Entre las enormes bendiciones que dio a mi vida la Palabra de Dios –aparte de la salvación, ya que la Biblia es un manual de vida que, con sus principios, nos enseña a vivir esta vida llena de obstáculos de la manera más sabia posible–, está el haber entendido y corroborado claramente, mirándome primero a mí mismo y luego a los demás, que “todos somos pecadores” (Ro 3.23) y –partiendo de esa base– egoístas, mezquinos, manipuladores, codiciosos, envidiosos, inmorales, etc.
Podría decirse que es una manera muy “negativa” de mirar a la gente; sin embargo, me parece la manera más “realista” de hacerlo. Recién cuando tenemos una visión real de las cosas podemos evaluarlas correctamente y quitar conclusiones veraces que nos lleven a mejorar. Si no es así, nos estamos engañando y creamos un mundo totalmente irreal y fallido.
Esta visión bíblica, entre otras cosas, me dio libertad. ¿Libertad de qué? La libertad de no tener “ídolos de carne”, algo muy proclive en nuestra naturaleza caída. Admirar hasta lo sumo o “endiosar” a líderes políticos, religiosos, artistas, deportistas, padre, madre, esposo, hijos, amigos,etc., y de esa manera ser totalmente dependientes de ellos en nuestras emociones, deseos, gustos, criterios y vida misma, es una inclinación corriente en la mayoría de las personas. Lo ha sido siempre, ya que, según la Biblia, al ser los seres humanos criaturas para adorar a Dios, de no hacerlo a la persona correcta, lo estaríamos enfocando hacia cualquier otra cosa.
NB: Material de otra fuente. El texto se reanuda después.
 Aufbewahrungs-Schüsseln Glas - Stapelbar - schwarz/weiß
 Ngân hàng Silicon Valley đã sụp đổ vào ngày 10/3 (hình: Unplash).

Esta verdad espiritual de que todos somos pecadores me dio libertad porque no dependo de los demás para mantenerme firme. Ninguna decepción será lo suficientemente grande como para atajarme en mi caminar, en mi propósito. Me libra de la amargura, el reclamo y la dependencia; me hace libre, espero de los demás solo lo justo que me pueden dar, más no.
Pero la Biblia también pone un equilibrio. Nos enseña a amar a todos, aun a nuestros enemigos. Pero el amor no tiene nada que ver con la idolatría, y dista mucho de ella. La idolatría reclama dependencia y ceguera, pero el amor es todo lo contrario: es consciente de los errores y defectos de la persona amada, no busca solo ser servido sino servir, agradar más que ser agradado y, como dije, no considera infalible al otro, pero sí sujeto a errores, y da perdón como arma de reconciliación, así no caemos en amargura.
La Biblia dice que el que es nacido de Dios ama, porque Dios es amor: “Amados, amémonos unos a otros; porque el amor es de Dios. Todo aquel que ama, es nacido de Dios, y conoce a Dios” (1Juan 4.7). Y el amor no busca lo suyo, no se irrita, no guarda rencor, todo lo sufre, todo lo cree, todo lo soporta” (1 Corintios 13.5-8).
Entre los muchos motivos que tengo para glorificar a Dios y su Palabra, este es uno más: La libertad y una identidad que está centrada en Cristo, no en los demás, es lo que me hace prudente y cabal para enfrentar cualquier tipo de relación en esta vida y salir ileso en el camino.